Question

Consider the following aqueous solutions. I. 2.2 g Glucose in 125 mL of solution. II. 1.9 g Calcium chloride in 250 mL of solution. III. 9.0 g Urea in 500 mL of solution. IV. 20.5 g Aluminium sulphate in 750 mL of solution.
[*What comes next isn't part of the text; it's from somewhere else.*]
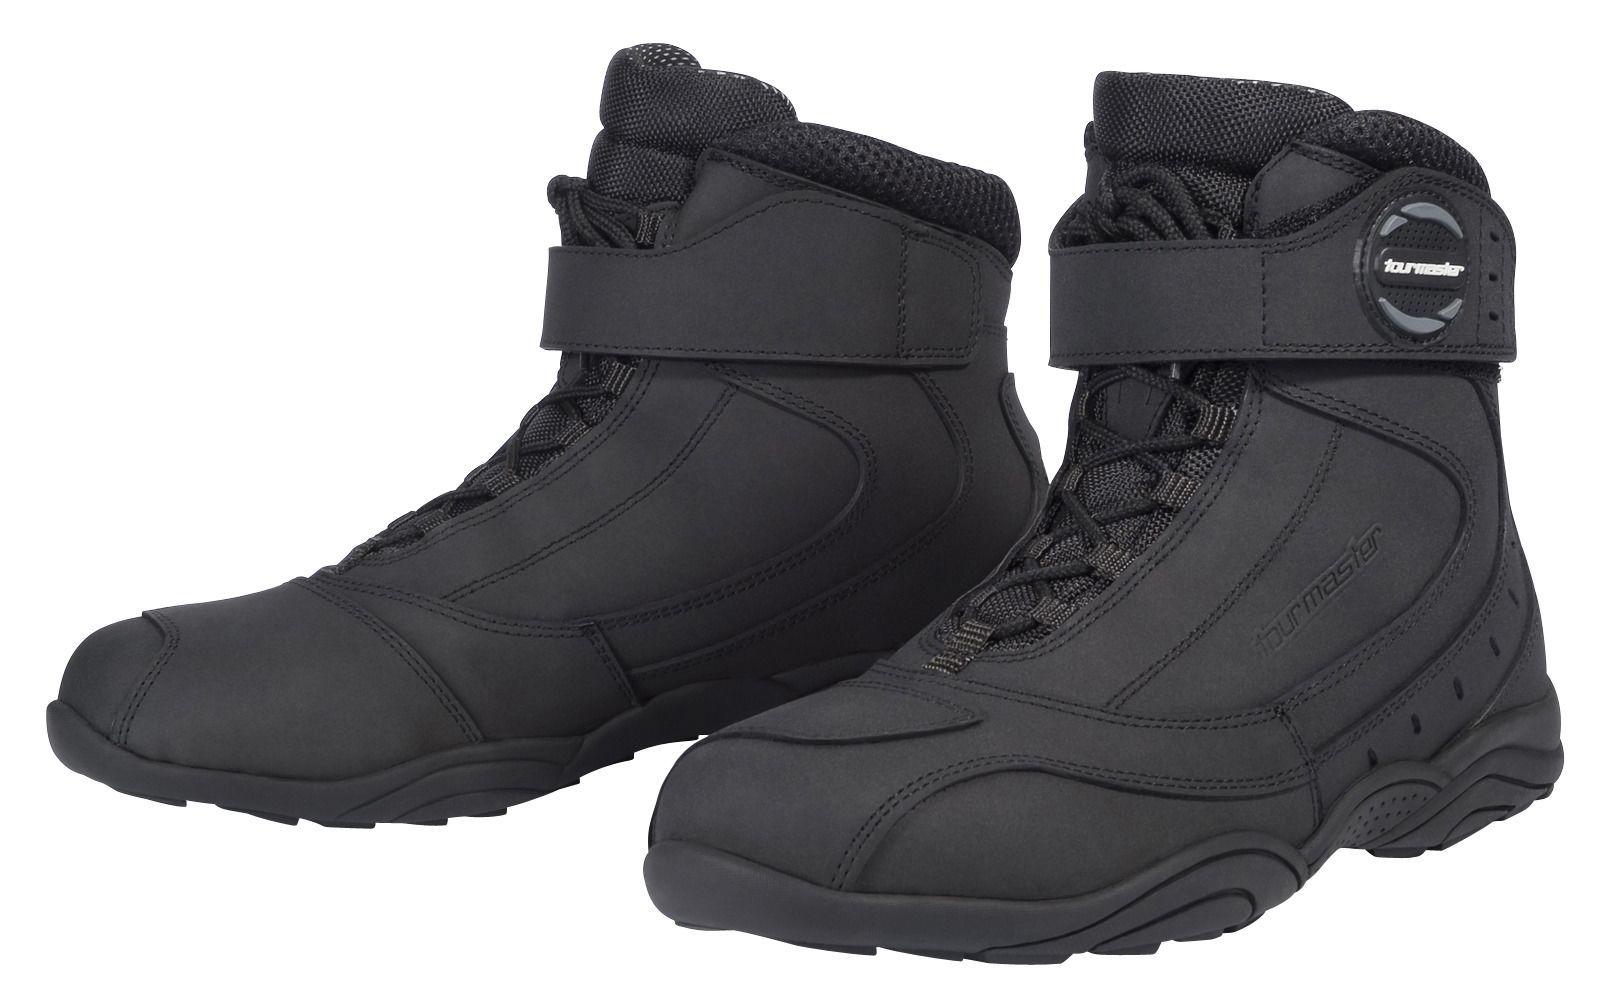 Icon Truant 2 Short Urban Motorcycle Boots Black
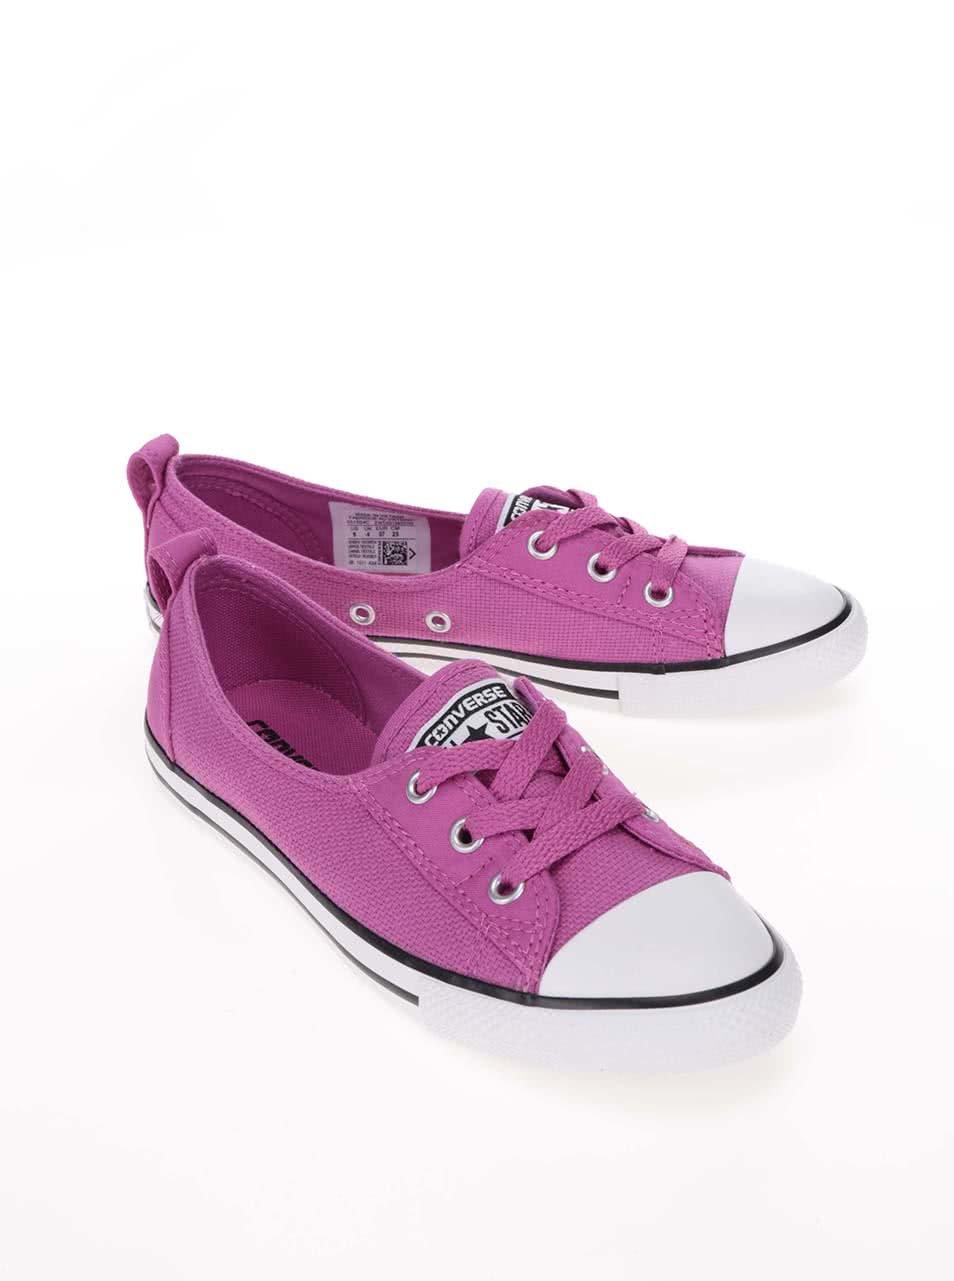 Tmavě růžové dámské tenisky Converse Chuck Taylor All Star Ballet Lace ... c7a4c2c7da4

The correct increasing order of boiling point of these solutions will be: [Given: Molar mass in g mol\(^{-1}\): H = 1, C = 12, N = 14, O = 16, Cl = 35.5, Ca = 40, Al = 27 and S = 32]

• A. I<III<IV<II
• B. III<I<II<IV
• C. I<II<III<IV
• D. III<II<I<IV

Hint:

For colligative properties: - Always calculate effective molality using van’t Hoff factor \(i\). - Strong electrolytes dissociate into multiple ions, increasing particle count and effect.

Answer 1

The Correct Option is B

Concept:
Elevation in boiling point depends on a colligative property and is given by:
ΔTb = i × Kb × m
where i is the van’t Hoff factor and m is the molality.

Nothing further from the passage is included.